Было хорошо видно — некоторые корабли Сейберт охотно бы повёл за собой, но им уже не выйти. Другие вроде и в неплохом состоянии, а не нужны.

Как мыслят и чем живут норвежские моряки Сейберт представлял себе куда более смутно, чем содержимое средней головушки выпускника родного Морского корпуса, а ведь именно это знание и приносило успех в речных боях гражданской войны. Общее место, впрочем, просматривалось сразу: война будет между делом и по мере неизбежности, главное — рыбная ловля.

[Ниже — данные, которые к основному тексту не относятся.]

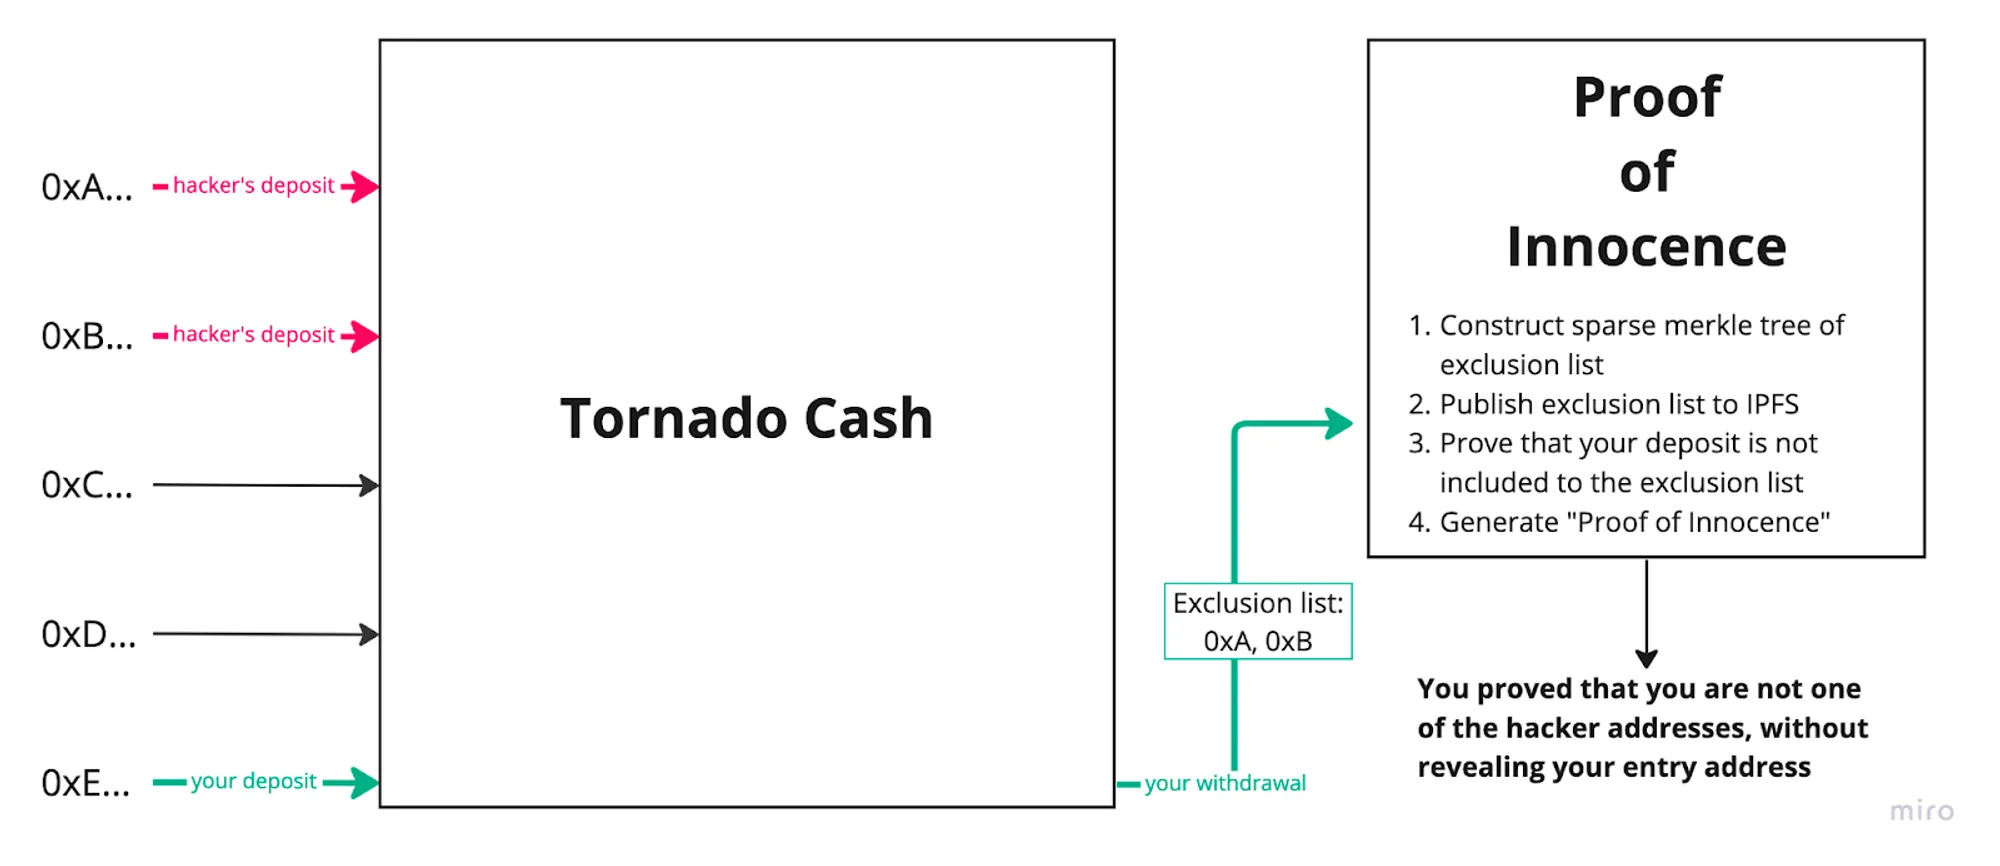 source: https://medium.com/@chainway_xyz/introducing-proof-of-innocence-built-on-tornado-cash-7336d185cda6

Еще очень хорошо пострелять по берегу, причем совершенно не важно, есть ли на берегу противник — в отчете он будет и понесет ужасные потери, а вернувшись, так славно рассказывать доверчивым девицам о своих великих победах…

Это будет наверняка. Остальное придется уточнять на месте, и не верить россказням старожилов, а собирать факты, и уже из фактов выводить характер противника в необъявленной войне. Жаль, корабли нужно выбрать не тогда, а сейчас.

Что видел Сейберт? Вот, например, "Рюрик", бывший флагман Эссена и Бахирева, герой готландского боя. Сосновая палуба — лохмотья, иные доски торчат кверху, точно надеются прорасти и вновь зазеленеть… Машина — хлам, трубки котлов щеголяют налетом, приборов управления стрельбой нет, зенитки срезаны вместе с креплениями под них. Самое страшное — какая-то сволочь пустила воду поверх открытых клапанов кингстонов, и закрыть их было никак — только вырезать вместе с куском днища и поменять. Надстройку уже начали резать на металл.

Чинить мало что дорого — долго. Столько времени у Сейберта нет. Осталось только кивнуть инженеру с Балтийского завода:

— Он ваш.

Других крейсеров на Балтфлоте уже не осталось: сведены в Германию, проданы за стремительно худеющие марки. Настоящих линкоров-дредноутов Сейберту никто не даст, да и не нужно их пока спасать: два нормально служат, один на консервации, один сгорел, но разделка не угрожает даже ему. Опасней положение недостроенных кораблей, но приводить их боеспособное состояние — минимум месяцы.

— Даже смотреть не буду, — констатировал Шурка, — нет смысла.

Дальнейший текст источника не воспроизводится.